Morgan Stanley set a $415 price target on Visa Inc. by applying a 27x P/E multiple to its CY27 adjusted EPS estimate of $15.37.
Visa’s VAS grew 27%, and Morgan Stanley says the market still underestimates them
The most structurally important number in Visa’s quarter wasn’t a volume figure. It was the Value-Added Services growth rate.
The key number in Visa Inc.’s quarter wasn’t volume. It was Value-Added Services (VAS). VAS grew 27% year-over-year and now makes up about 30% of revenue, spanning fraud tools, advisory, and marketing services.
Morgan Stanley’s conviction is that VAS demand is actively increasing, not plateauing. Clients are seeking more fraud tools and World Cup-related marketing programs, and the pipeline of use cases continues to expand. The firm is confident Visa can sustain VAS growth in the 20%-plus range over the medium term, its note confirmed.
A signal of how far VAS ambitions now extend came from an unexpected source. Wells Fargo plans to adopt Pismo (Visa’s acquired core banking platform), signaling a broader push into core infrastructure beyond initial expectations, the firm said.
Visa stablecoin and agentic commerce positioning turn disruption risk to growth opportunity
The fintech disruption narrative around Visa typically focuses on what could displace the network. Visa is increasingly focused on owning the infrastructure that new payment technologies run on instead.
The stablecoin strategy is the clearest example. Visa has built its approach around three pillars. The stablecoin-linked card on-ramps and off-ramps, settlement and money movement, and blockchain infrastructure. In fact, the numbers are beginning to reflect the investment, according to Morgan Stanley’s note.
- 160 stablecoin-linked card programs globally as of Q2
- Stablecoin card volumes up 200% year over year, driven by spending in emerging markets
- Stablecoin settlement annualized run-rate reaching $7 billion, up more than 50% from Q1 Source: Morgan Stanley Report
Critically, stablecoin economics closely mirror traditional card economics for Visa, meaning the revenue model is familiar, and the growth is largely incremental.
On agentic commerce, Visa Inc. launched Intelligent Commerce Connect, an AI-focused payments on-ramp set for June 2026, and introduced a CLI tool enabling payments without traditional checkout.
Morgan Stanley said Visa’s vast network, 175M+ merchants, 5B credentials, and 900M daily transactions give it a hard-to-replicate edge in agentic payments.

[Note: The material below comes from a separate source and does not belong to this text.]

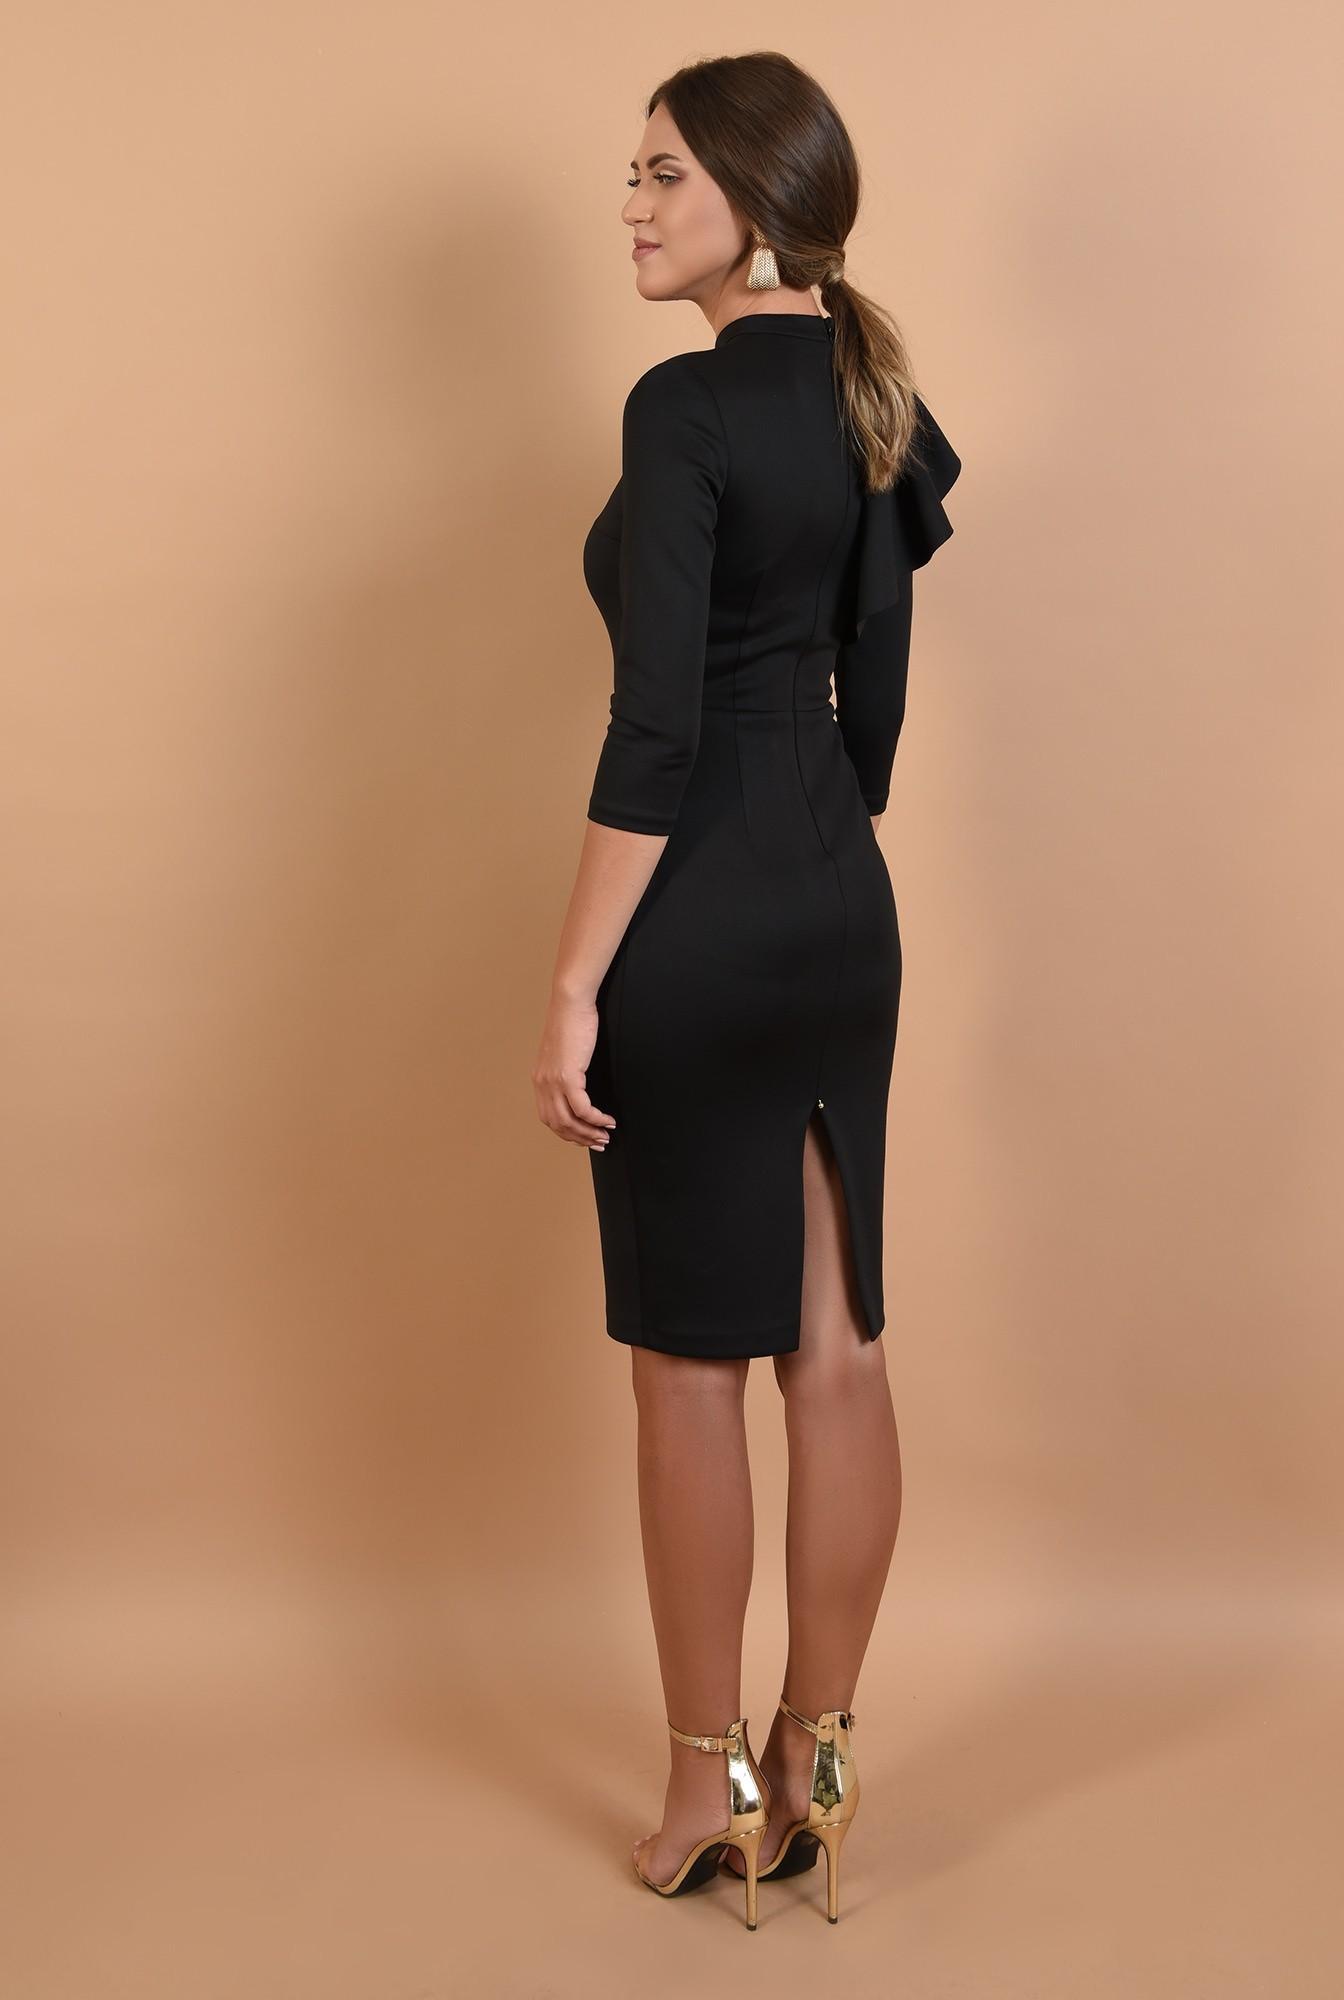 1 - 360 - rochie conica, neagra, midi, aplicatie cu pliuri, guler inalt, Poema

What Morgan Stanley’s $415 Visa target means for you
Morgan Stanley set a $415 price target on Visa Inc. by applying a 27x P/E multiple to its CY27 adjusted EPS estimate of $15.37, implying earnings-led compounding with modest multiple expansion as stablecoin and agentic opportunities are seen as incremental.
The firm argues Visa remains underappreciated, citing its near-undisruptible network moat, steady spending across income groups, no weakness in lower-income cohorts, and a FIFA World Cup demand wave through 2026.
Despite geopolitical and macro volatility, Visa’s fiscal Q2 reinforces its safe-haven growth status, continuing to monetize global spending across evolving payment formats.